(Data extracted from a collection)
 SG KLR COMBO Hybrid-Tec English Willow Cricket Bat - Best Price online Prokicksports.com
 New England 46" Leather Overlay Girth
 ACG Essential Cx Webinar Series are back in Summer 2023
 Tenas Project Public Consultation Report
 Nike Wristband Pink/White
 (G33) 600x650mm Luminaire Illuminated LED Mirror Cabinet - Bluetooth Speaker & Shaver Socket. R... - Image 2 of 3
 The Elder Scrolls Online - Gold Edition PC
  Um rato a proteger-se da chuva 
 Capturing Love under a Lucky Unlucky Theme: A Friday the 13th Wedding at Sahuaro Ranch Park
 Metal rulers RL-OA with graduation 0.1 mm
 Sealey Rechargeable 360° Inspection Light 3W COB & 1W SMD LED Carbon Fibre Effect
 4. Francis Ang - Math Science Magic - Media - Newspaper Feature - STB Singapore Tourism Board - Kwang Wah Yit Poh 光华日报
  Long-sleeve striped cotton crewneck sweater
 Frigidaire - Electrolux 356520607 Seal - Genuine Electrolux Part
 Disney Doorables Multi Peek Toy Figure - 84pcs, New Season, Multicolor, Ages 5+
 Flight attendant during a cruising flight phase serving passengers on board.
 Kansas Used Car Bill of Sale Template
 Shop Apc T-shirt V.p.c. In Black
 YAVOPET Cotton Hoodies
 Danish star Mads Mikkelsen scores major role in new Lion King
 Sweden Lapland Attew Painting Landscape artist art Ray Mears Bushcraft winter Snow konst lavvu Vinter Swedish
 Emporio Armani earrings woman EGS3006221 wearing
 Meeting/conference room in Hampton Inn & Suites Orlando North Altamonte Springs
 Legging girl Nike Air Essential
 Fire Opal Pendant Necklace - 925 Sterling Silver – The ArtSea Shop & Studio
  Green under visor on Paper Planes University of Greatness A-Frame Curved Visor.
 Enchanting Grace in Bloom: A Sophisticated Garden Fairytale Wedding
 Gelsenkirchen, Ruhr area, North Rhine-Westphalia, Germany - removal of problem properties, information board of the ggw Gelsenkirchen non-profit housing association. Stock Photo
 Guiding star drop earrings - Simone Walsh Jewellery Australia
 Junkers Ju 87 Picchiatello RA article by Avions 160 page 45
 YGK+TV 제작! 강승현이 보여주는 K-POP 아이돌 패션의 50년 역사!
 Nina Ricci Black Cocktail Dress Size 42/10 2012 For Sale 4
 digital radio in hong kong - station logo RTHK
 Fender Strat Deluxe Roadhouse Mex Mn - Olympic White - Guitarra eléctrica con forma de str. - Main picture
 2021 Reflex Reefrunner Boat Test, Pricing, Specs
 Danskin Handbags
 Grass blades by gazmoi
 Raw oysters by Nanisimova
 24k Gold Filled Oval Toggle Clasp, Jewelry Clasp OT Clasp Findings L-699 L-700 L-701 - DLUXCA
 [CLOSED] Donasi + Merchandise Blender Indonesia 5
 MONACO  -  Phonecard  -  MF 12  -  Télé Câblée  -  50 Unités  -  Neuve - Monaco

- Task brief -
All records shown above are to be output exactly.

- Solution to the exercise -
 SG KLR COMBO Hybrid-Tec English Willow Cricket Bat - Best Price online Prokicksports.com
 New England 46" Leather Overlay Girth
 ACG Essential Cx Webinar Series are back in Summer 2023
 Tenas Project Public Consultation Report
 Nike Wristband Pink/White
 (G33) 600x650mm Luminaire Illuminated LED Mirror Cabinet - Bluetooth Speaker & Shaver Socket. R... - Image 2 of 3
 The Elder Scrolls Online - Gold Edition PC
  Um rato a proteger-se da chuva 
 Capturing Love under a Lucky Unlucky Theme: A Friday the 13th Wedding at Sahuaro Ranch Park
 Metal rulers RL-OA with graduation 0.1 mm
 Sealey Rechargeable 360° Inspection Light 3W COB & 1W SMD LED Carbon Fibre Effect
 4. Francis Ang - Math Science Magic - Media - Newspaper Feature - STB Singapore Tourism Board - Kwang Wah Yit Poh 光华日报
  Long-sleeve striped cotton crewneck sweater
 Frigidaire - Electrolux 356520607 Seal - Genuine Electrolux Part
 Disney Doorables Multi Peek Toy Figure - 84pcs, New Season, Multicolor, Ages 5+
 Flight attendant during a cruising flight phase serving passengers on board.
 Kansas Used Car Bill of Sale Template
 Shop Apc T-shirt V.p.c. In Black
 YAVOPET Cotton Hoodies
 Danish star Mads Mikkelsen scores major role in new Lion King
 Sweden Lapland Attew Painting Landscape artist art Ray Mears Bushcraft winter Snow konst lavvu Vinter Swedish
 Emporio Armani earrings woman EGS3006221 wearing
 Meeting/conference room in Hampton Inn & Suites Orlando North Altamonte Springs
 Legging girl Nike Air Essential
 Fire Opal Pendant Necklace - 925 Sterling Silver – The ArtSea Shop & Studio
  Green under visor on Paper Planes University of Greatness A-Frame Curved Visor.
 Enchanting Grace in Bloom: A Sophisticated Garden Fairytale Wedding
 Gelsenkirchen, Ruhr area, North Rhine-Westphalia, Germany - removal of problem properties, information board of the ggw Gelsenkirchen non-profit housing association. Stock Photo
 Guiding star drop earrings - Simone Walsh Jewellery Australia
 Junkers Ju 87 Picchiatello RA article by Avions 160 page 45
 YGK+TV 제작! 강승현이 보여주는 K-POP 아이돌 패션의 50년 역사!
 Nina Ricci Black Cocktail Dress Size 42/10 2012 For Sale 4
 digital radio in hong kong - station logo RTHK
 Fender Strat Deluxe Roadhouse Mex Mn - Olympic White - Guitarra eléctrica con forma de str. - Main picture
 2021 Reflex Reefrunner Boat Test, Pricing, Specs
 Danskin Handbags
 Grass blades by gazmoi
 Raw oysters by Nanisimova
 24k Gold Filled Oval Toggle Clasp, Jewelry Clasp OT Clasp Findings L-699 L-700 L-701 - DLUXCA
 [CLOSED] Donasi + Merchandise Blender Indonesia 5
 MONACO  -  Phonecard  -  MF 12  -  Télé Câblée  -  50 Unités  -  Neuve - Monaco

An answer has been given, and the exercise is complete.